Most startups begin as an idea in an entrepreneur’s head. Just a few neurons bouncing around inside a skull full of mush. The entrepreneur typically doesn’t have the necessary resources, skills, or capital to execute on her idea. To get her idea off of the ground she must run a sophisticated confidence scheme designed to convince potential co-founders, employees, investors, and customers that her idea is in reality a real company. In her confidence scheme timing is everything. She’s got to convince everyone that her idea is real at relatively the same time. The investors need to be comfortable that she’s got a great idea and a great team. Her team needs to be comfortable that she’s got the resources and capital necessary to execute on her vision. The truth is that what she is trying to do is literally impossible. Any normal person watching this process would rightly conclude that she was perpetrating a fraud. Of course everyday potential co-founders, employees, investors, and customers suspend disbelief and turn these confidence schemes into real companies.
Recently I read a comment about me on an article about a new venture I’m starting. The comment suggested that my career has been one huge bluff and that my wealthy father bankrolls my lifestyle. The ironic thing is that I have often felt that way myself — around 4AM every morning in fact. Entrepreneurs who don’t are either self-deluded or full blown sociopaths.

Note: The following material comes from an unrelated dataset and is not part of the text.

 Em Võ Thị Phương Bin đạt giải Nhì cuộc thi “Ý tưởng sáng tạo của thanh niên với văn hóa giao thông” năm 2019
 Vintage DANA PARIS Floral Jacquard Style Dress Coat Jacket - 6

When we started Architel almost fifteen years ago we called our service ‘fractional IT’. Just as Netjets provides fractional ownership of a jet we would provide fractional ownership of an IT organization. The only problem is that we were trying to fly around the country with only one wing — we hadn’t quite finished the plane before we started flying. It was a stressful period of time for us and it lasted almost a year. Most companies don’t make it through this period of time I call the “startup wasteland”. Rational people don’t even try and the rest of us are known as entrepreneurs.